Nashville Predators 2013 draft pick Jonathan Diaby (left) working on improving his game with the AHL Milwaukee Admirals (Photo/Milwaukee Admirals).

Nashville Predators 2013 draft pick Jonathan Diaby (left) working on improving his game with the AHL Milwaukee Admirals (Photo/Milwaukee Admirals).

But the Predators love his size – a “monster,” one scout called him – and his ruggedness. Nashville took him in the third round with the 64th pick in the 2013 draft.

Since then,  the former Victoriaville Tigres defenseman has bounced between the Milwaukee Admirals, the Preds’ AHL affiliate, and Cincinnati Cyclones, Nashville’s ECHL farm team.

The son of a soccer player from the Ivory Coast, Diaby is scoreless in five AHL games this season but has 21 penalty minutes.

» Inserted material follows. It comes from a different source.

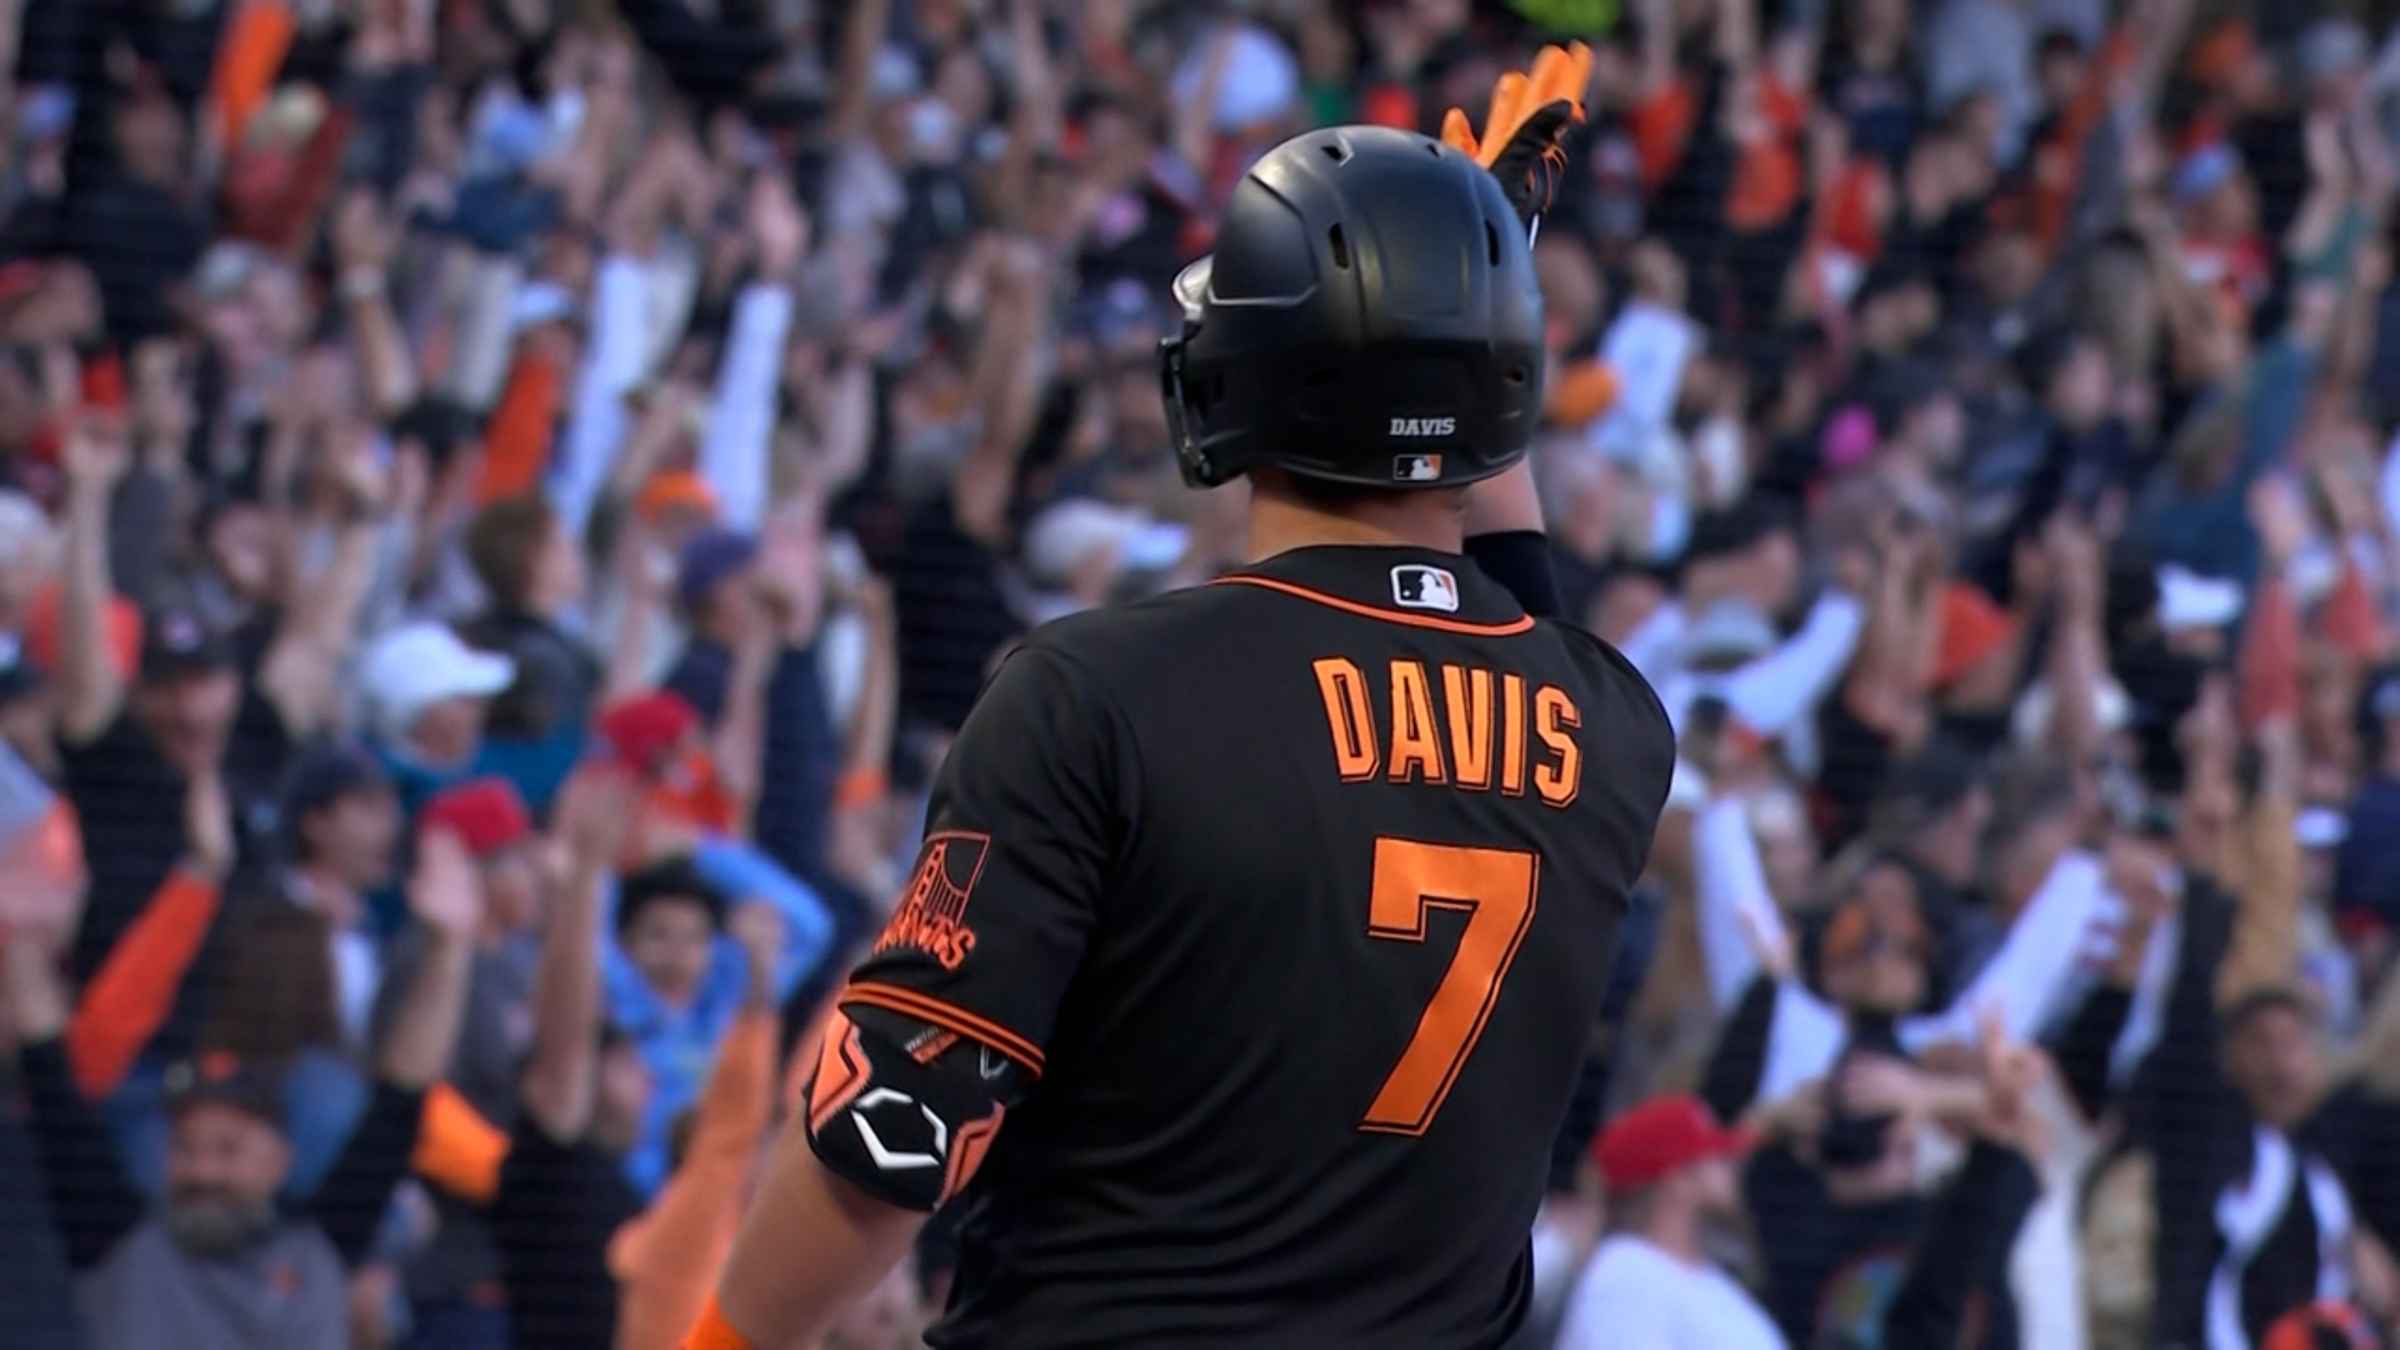 JD Davis - Giants' jersey, Sports

He has 1 assist and 11 penalty minutes in 17 ECHL games.

“I just want to show more consistency and show that I’m more poised and more in control of the game,” Diaby told The Tennessean during the Predators’ training camp in September. “As a hockey player, you come to training camp, you want to make the team, but it’s a learning experience. I’ve still got a lot to learn and a lot to improve on. The AHL’s a great league.”